Esta apreciación de los bárbaros, no obstante, nace desde el imaginario de aquel que se auto-convence de ser “más civilizado” que aquellos que habitan zonas fuera de su radio fronterizo, que además de no hablar su mismo idioma (para los griegos, bárbaros eran aquellos que hablaban una lengua incomprensible para ellos, cuyo sonido característico era “bar bar bar…”), se hallan en un retraso respecto al desarrollo cultural del no bárbaro.

Esperar a los bárbaros, hasta nuestros días, parece una estrategia política, social y, por desgracia, comunicacional, común a las naciones y a las repúblicas.

La historia “oficial” de Chile, sin ir más lejos, tiene sus propios bárbaros: los mapuches.

El pueblo mapuche, tras soportar los embates de la colonia española, sufre su propia “conquista civilizadora” durante el siglo XIX, cruenta desde todos los documentos oficiales, pero necesaria según las voces victoriosas, pues solo así se consiguió la mal llamada “pacificación” de la Araucanía.

Si los mapuches son considerados “bárbaros” por la civilización chilena –si es que existe tal civilización-, o mejor dicho por las autoridades políticas y culturales, debido a su ubicación geográfica más allá de las fronteras previas a la ocupación, a su lengua propia, a su idiosincrasia particular y, sobre todo, a su terquedad in-transable a renunciar a su cultura e identidad en pos de la nacionalidad e identidad chilena, entonces está bien que sigan siendo bárbaros, es decir, distinto a nosotros.

Si los mapuches son considerados bárbaros, en cambio, porque cada vez que sucede un hecho de violencia en la región de la Araucanía se los va a acusar de sospechosos evidentes por el solo hecho de que se han negado a someterse a un sistema que no conforme con “expropiarles” sus territorios en provecho de la entidad política que llamamos nación y que, como toda comunidad dominante, se establece sobre los demás mediante la violencia, además desea despojarles su identidad, entonces lo que llamamos barbarie no es más que nuestra propia intolerancia e incomprensión hacia otros.

Cada vez que salimos en busca de los bárbaros para diferenciarnos “civilizadamente” de los retrasados, lo que hacemos es imponer nuestro narcisismo señorial e ilustrado a aquellos que no son iguales a nosotros.

De allí que cada uno de nosotros, ya sea con los mapuches (Chile), con los árabes (Europa y Norteamérica), con los pobres (medios de comunicación y clase política), entre otros ejemplos que podemos citar, ejecuta o bien se hace cómplice de un trato peyorativo y denigrante contra otros que no están en nuestra misma sintonía socioeconómica, política o cultural.

Acostumbrados a creer que todo está bien, somos incapaces de despertar de nuestro aletargamiento sin la necesidad de que aparezcan los bárbaros: siempre que un hecho impactante nos perturba, salimos a encontrar a los bárbaros, aún a riesgo de equivocarnos: así ha pasado con cientos de mapuches apresados para tranquilizar a los dueños de fundos cuando hay incendios.

También sucede así con cientos de inocentes detenidos por delitos de alto impacto comunicacional, como lo vívido por un joven drogadicto que fue víctima de la búsqueda desenfrenada de un bárbaro al cual culpar a raíz de un homicidio a cuadras de una universidad, pasando dos años preso por algo que no tenía culpa, aparte de estar drogado a la hora de su detención y vivir cerca del hecho.

Siempre que buscamos bárbaros, los encontramos.
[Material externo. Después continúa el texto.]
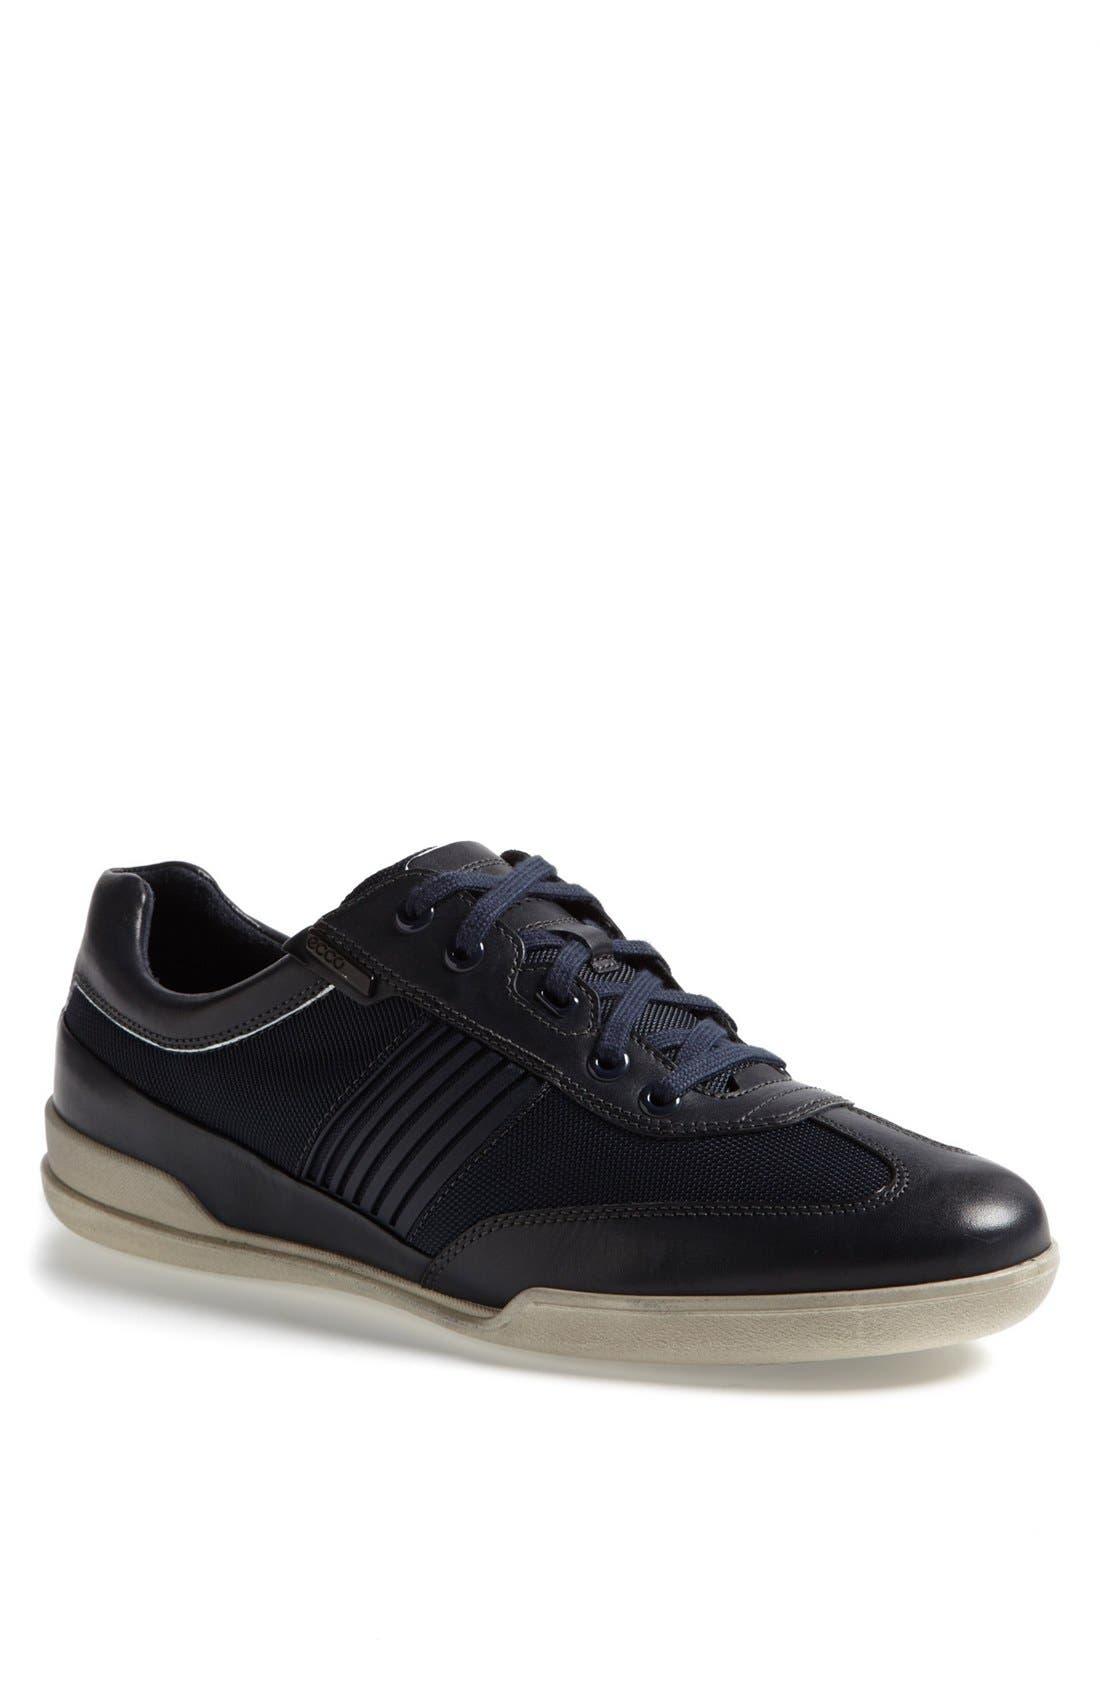 Alternate Image 1 Selected - ECCO 'Enrico' Sneaker

El problema es que los buscamos fuera de nuestras fronteras, cuando bastaría mirarnos al espejo para encontrar un auténtico bárbaro:

“-¿Por qué empieza de pronto este desconcierto
y confusión? (¡Qué graves se han vuelto los rostros!)”, finaliza el poema de Kavafis.

“¿Por qué calles y plazas aprisa se vacían
y todos vuelven a casa compungidos?
Porque se hizo de noche y los bárbaros no llegaron.
Algunos han venido de las fronteras
y contado que los bárbaros no existen.

¿Y qué va a ser de nosotros ahora sin bárbaros?
Esta gente, al fin y al cabo, era una solución”

La solución, sí, pero la solución para culpar a otros de lo que nos negamos a reconocer en nosotros mismos.